PwC does not expect the introduction of a new super tax bracket for high-income earners or that tax rates will be increased. However, Treasury may still collect a sizeable portion of revenue by taxing inflationary salary adjustments (fiscal drag).

He expects Treasury to provide some fiscal drag relief – particularly for lower-income earners. Hence, it would probably only collect between R5 billion and R8 billion in additional revenue through fiscal drag.

“If you are a low- or middle-income taxpayer, we don’t expect that you will see much in the way of damage coming from the budget insofar as taxes on individuals are concerned.”

High-income earners will likely bear the brunt of the additional taxes – largely through limited fiscal drag relief and potential other measures – an increase in the capital gains tax inclusion rate and reform to the taxation of trusts and estate duty.

3. Will the VAT rate be increased?

Due to concern about the rising burden of individual taxpayers – at 10% of GDP it is now back at a level last experienced in 1999/2000 – the bulk of additional tax revenues will need to be raised from VAT, Mandy argues.

A one percentage point increase in the VAT rate to 15% would raise roughly R22 billion in additional tax revenues.

However, to make such a step palatable, government would have to provide relief to lower-income earners through the personal income tax system and by increasing social grants.

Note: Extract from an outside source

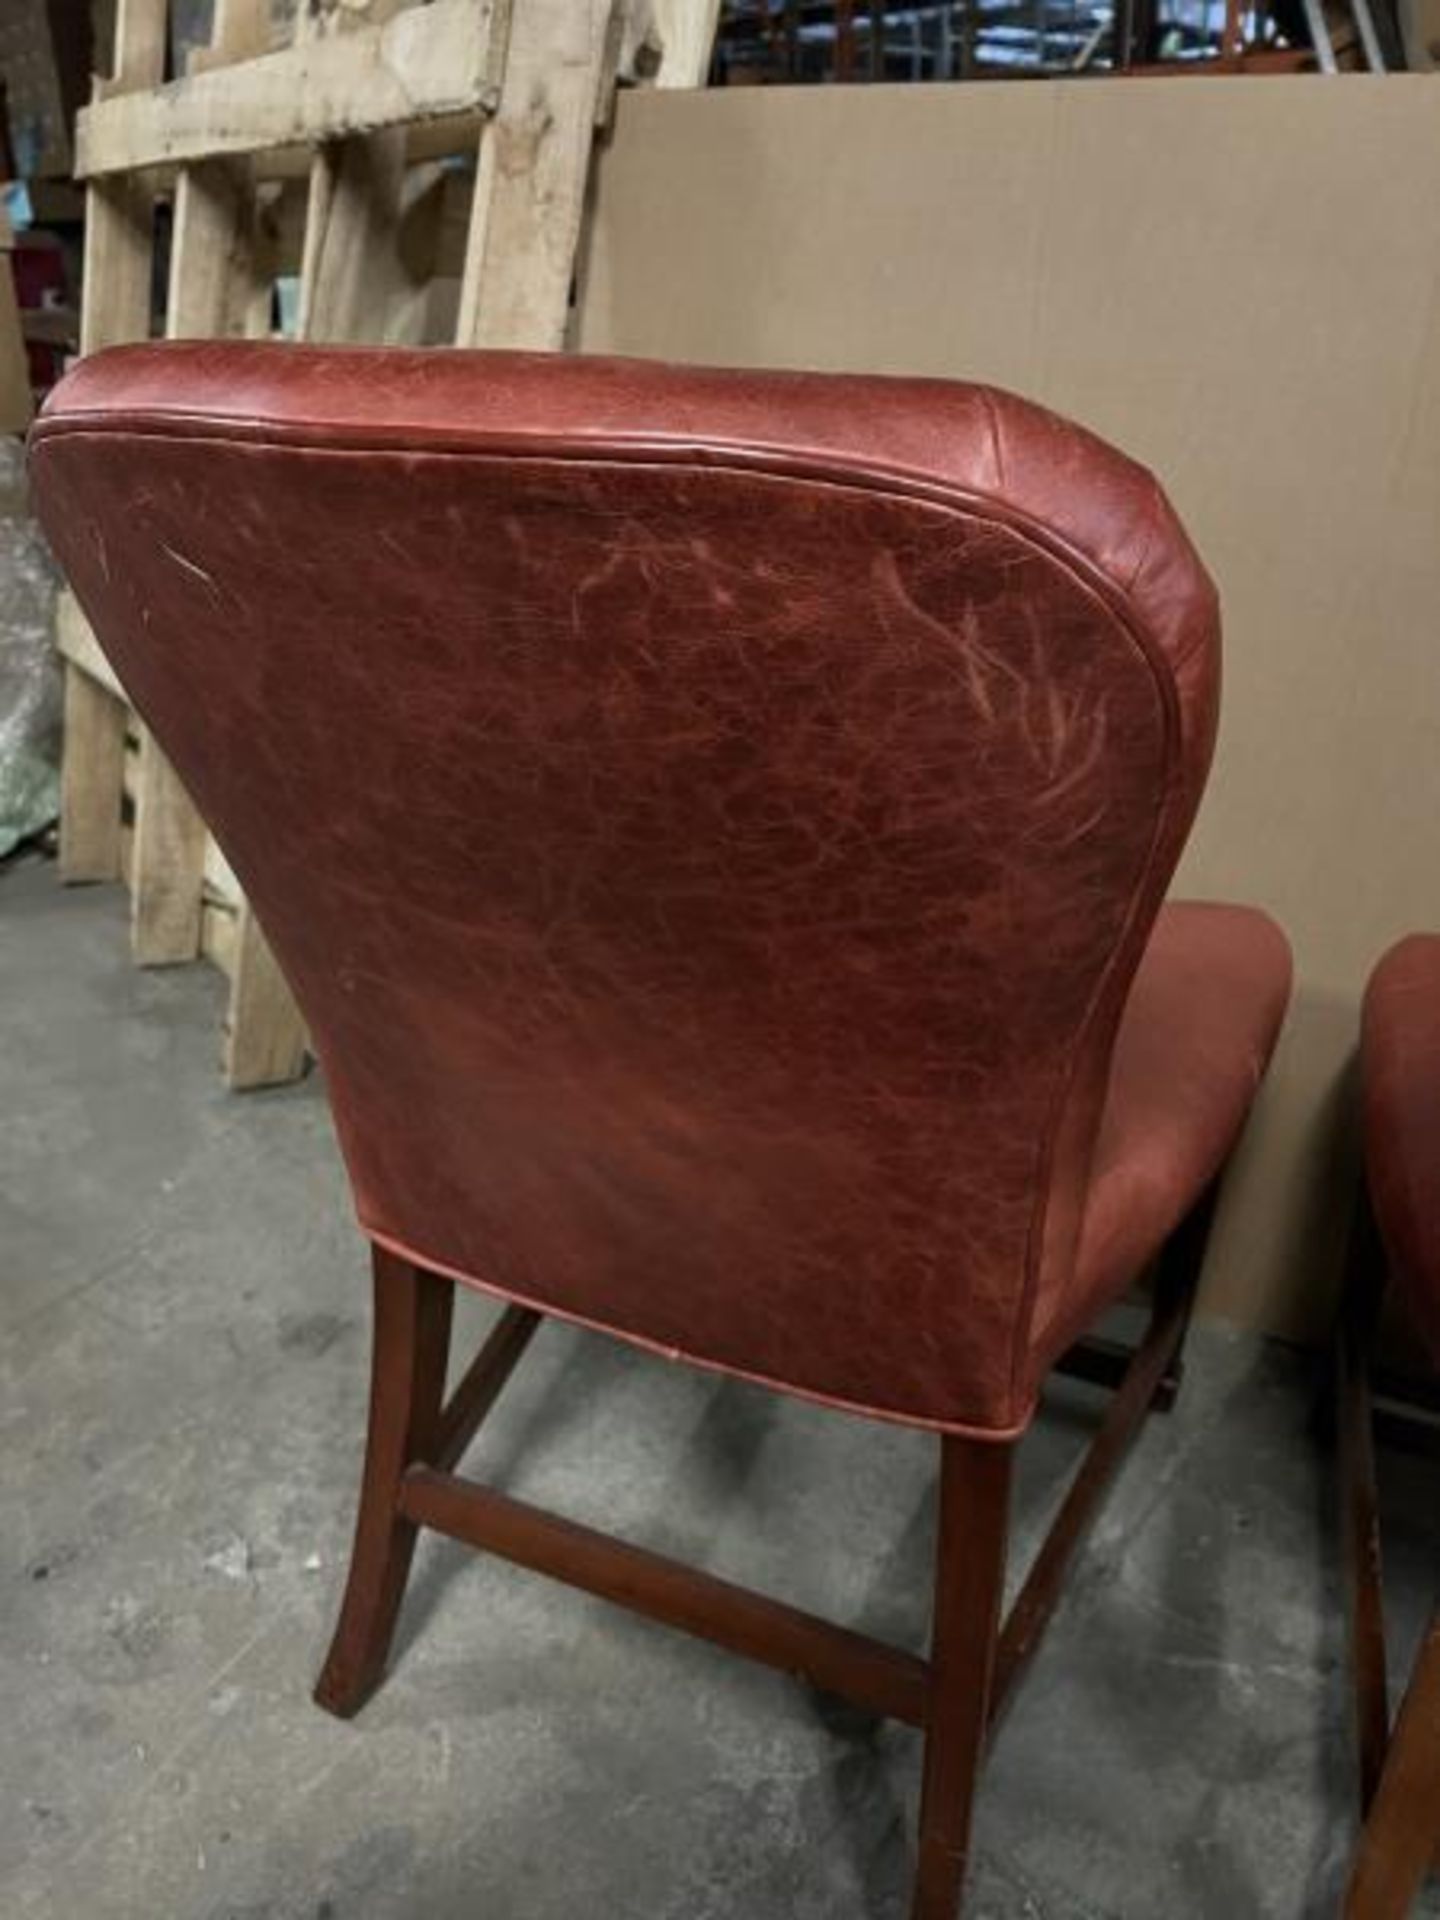 Pair of Red Vinyl Chairs; Located in Mill Building - Image 16 of 20

Mandy estimates that government would have to spend about R5 billion of the R22 billion on increased social spending to make a VAT hike more politically feasible.

“Unfortunately, we don’t think we have a choice this year. We’ve kicked the VAT can down the road for a number of years now and this is a bullet that we are going to have to bite, despite the opposition that is likely to come from certain quarters,” he says.

4. Will a wealth tax be introduced?

Although the Davis Tax Committee (DTC) is investigating the merits of a wealth tax, its report has not been released publicly.

Mandy says various forms of wealth taxes are being considered, ranging from an annual net wealth tax to land taxes and national taxes on land and buildings, but he does not expect an annual net wealth tax to be introduced. Some DTC members are not in favour of it.

While there are strong theoretical arguments in favour of a land tax, there are also a number of practical challenges from a South African perspective.

“The trouble though with all of these things is that they are not a short-term fix. So even if they were announced in this year’s budget it could only ever be an announcement to the effect that there is an intention to introduce such a tax.”

It would require at least a two-year period to write and introduce the legislation and for the South African Revenue Service to update its systems accordingly, he says.

5. Will Moody’s be satisfied?

Krugel says Moody’s was the first credit ratings agency to provide South Africa with an investment grading and has also been the most forgiving.

While it arguably had good reason to downgrade South Africa last year, it refrained from pulling the trigger.

The agency’s methodology also differs slightly from those of S&P and Fitch. It looks at the country’s balance sheet and although South Africa doesn’t look particularly healthy, it seems that it believes the country can meet its obligations.

Krugel says current political developments will likely play a big role in the March decision.

“All things being equal – given that the situation has really improved, that the outlook has improved, definitely sentiment has improved – if we play the next couple of weeks right, I don’t think Moody’s will downgrade us.”